Ingredients
Equipment
Method
Cookies
- Preheat your oven to 350°F (177°C) and line two baking sheets with parchment paper.
- In a large mixing bowl, whisk together all-purpose flour, cornstarch, baking powder, baking soda, salt, and culinary-grade matcha powder until well combined.
- In a separate bowl, beat the softened unsalted butter and granulated sugar together for 2-3 minutes until light and fluffy.
- Add the egg, sour cream, and vanilla extract to the butter mixture and mix until smooth.
- Gradually add the dry ingredient mixture to the wet ingredients and mix on low speed until a soft dough forms.
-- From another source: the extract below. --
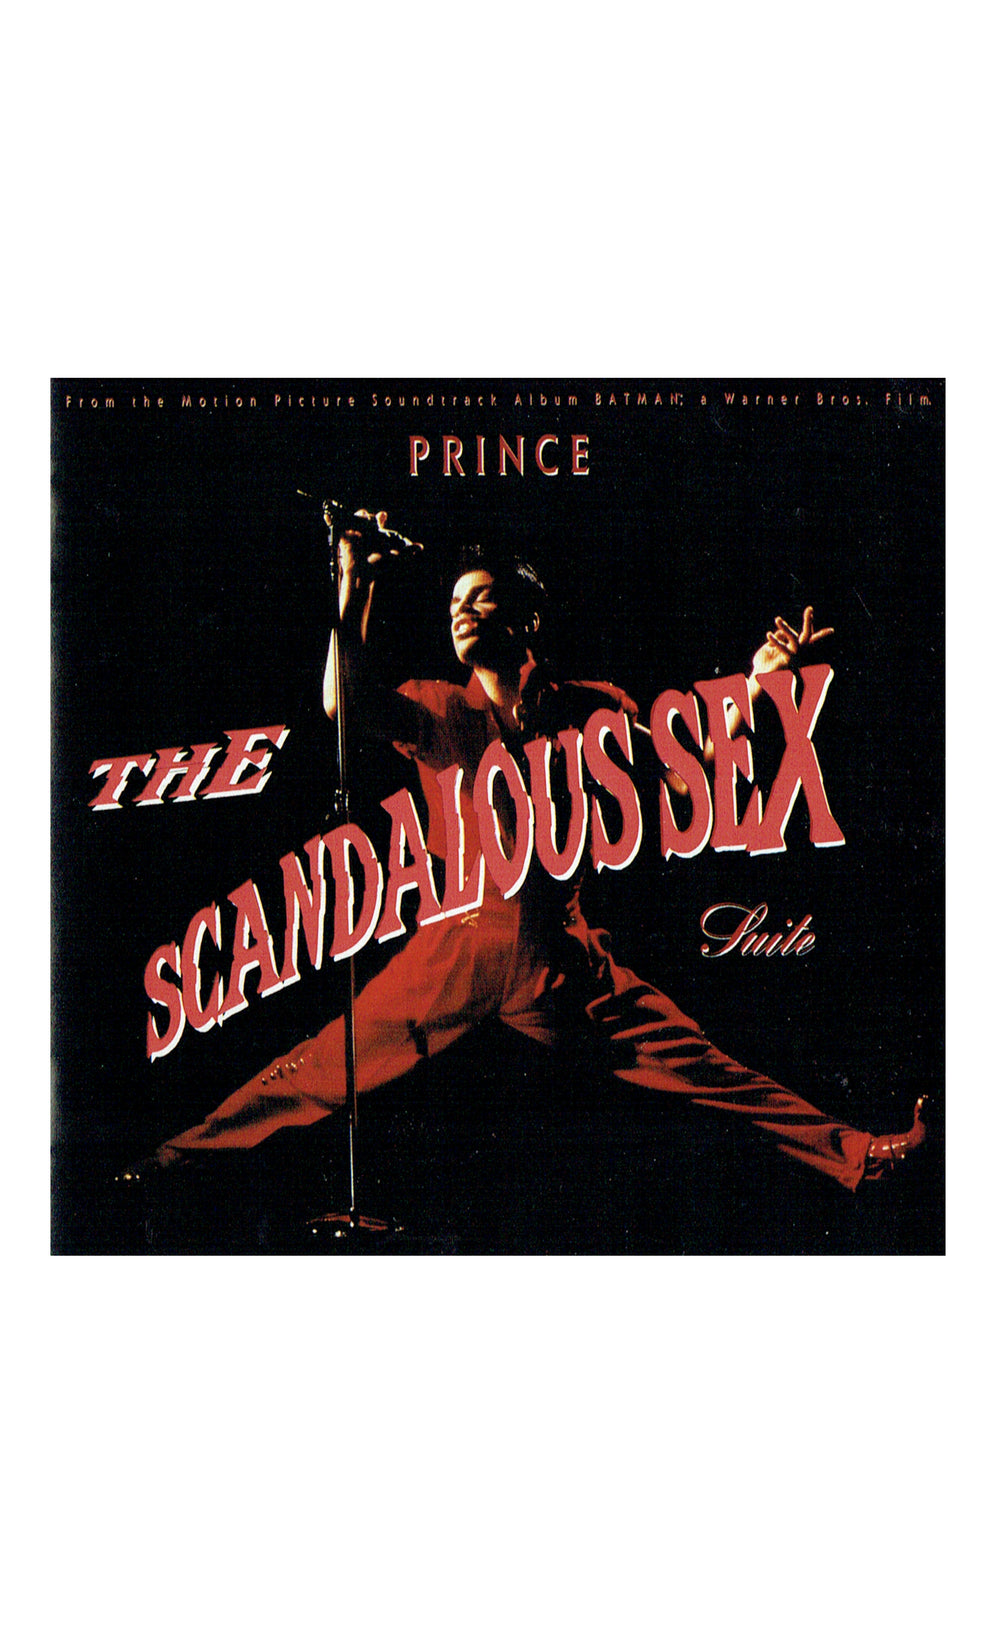 Prince Scandalous Sex Suite Japan CD Single 1989 Maxi 9 Tracks WITH OBI EX/MINT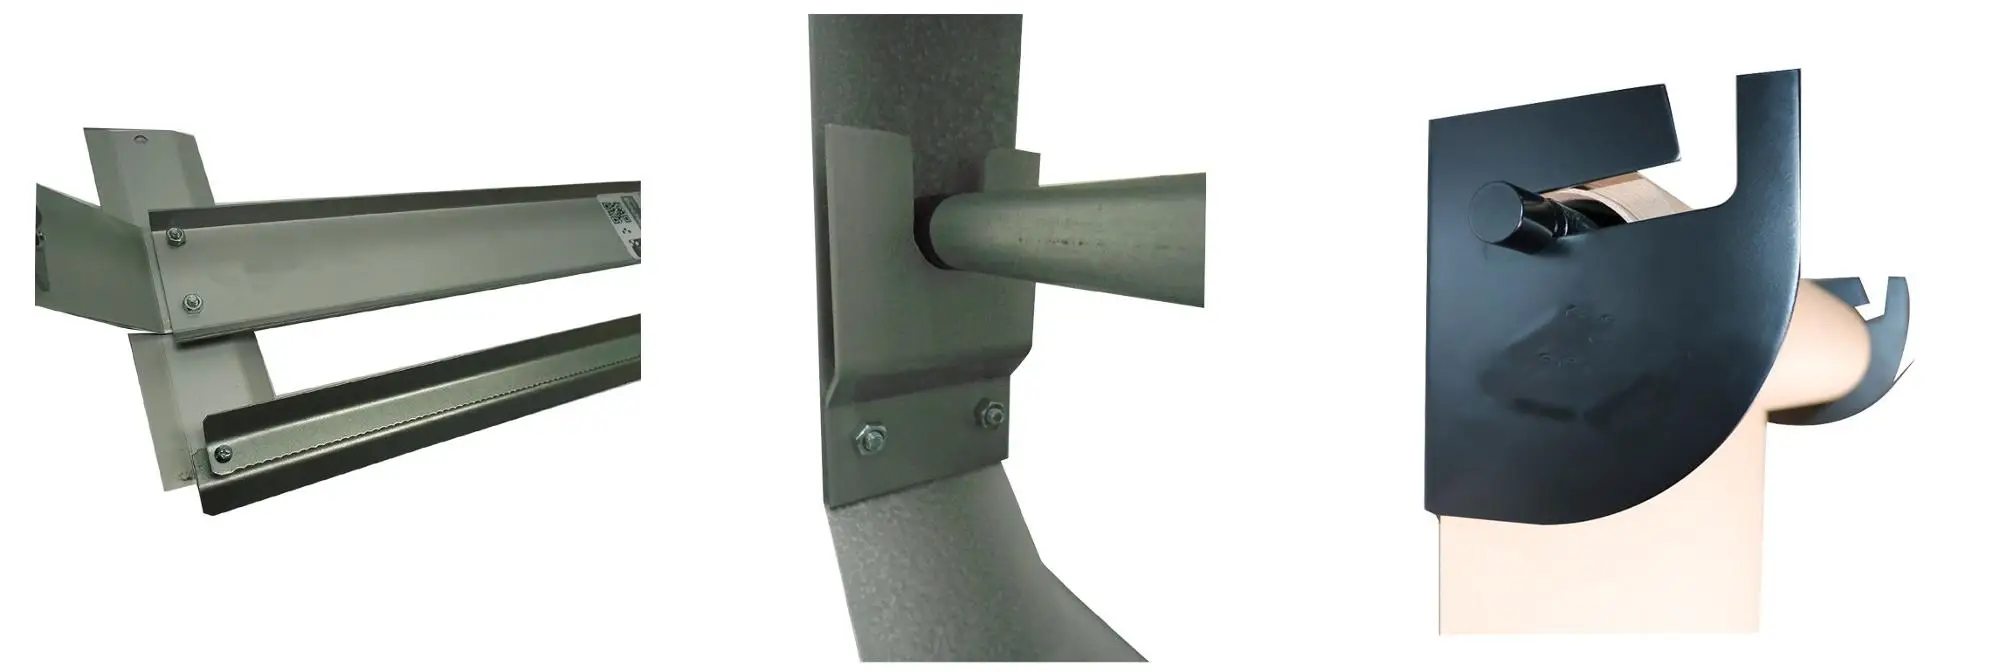 Standard 24" White Steel All-In-One Paper Dispenser / Cutter

- Scoop out 2-tablespoon portions of dough, roll into balls, flatten slightly, and chill in the refrigerator for at least 20 minutes.
- Bake the chilled dough in the oven for 9-11 minutes until edges are set and centers look slightly underdone.
- Remove from the oven and cool on baking sheets for about 5 minutes, then transfer to a wire rack.
Lavender Frosting
- Heat the whole milk or heavy cream and steep the culinary lavender buds for about 10 minutes. Strain to remove buds and beat with softened butter and powdered sugar until smooth.
- Gradually add the lavender-infused milk until reaching desired consistency. Frost cookies once cool.
Nutrition
Notes
For best results, follow each step closely and chill dough as directed to maintain shape.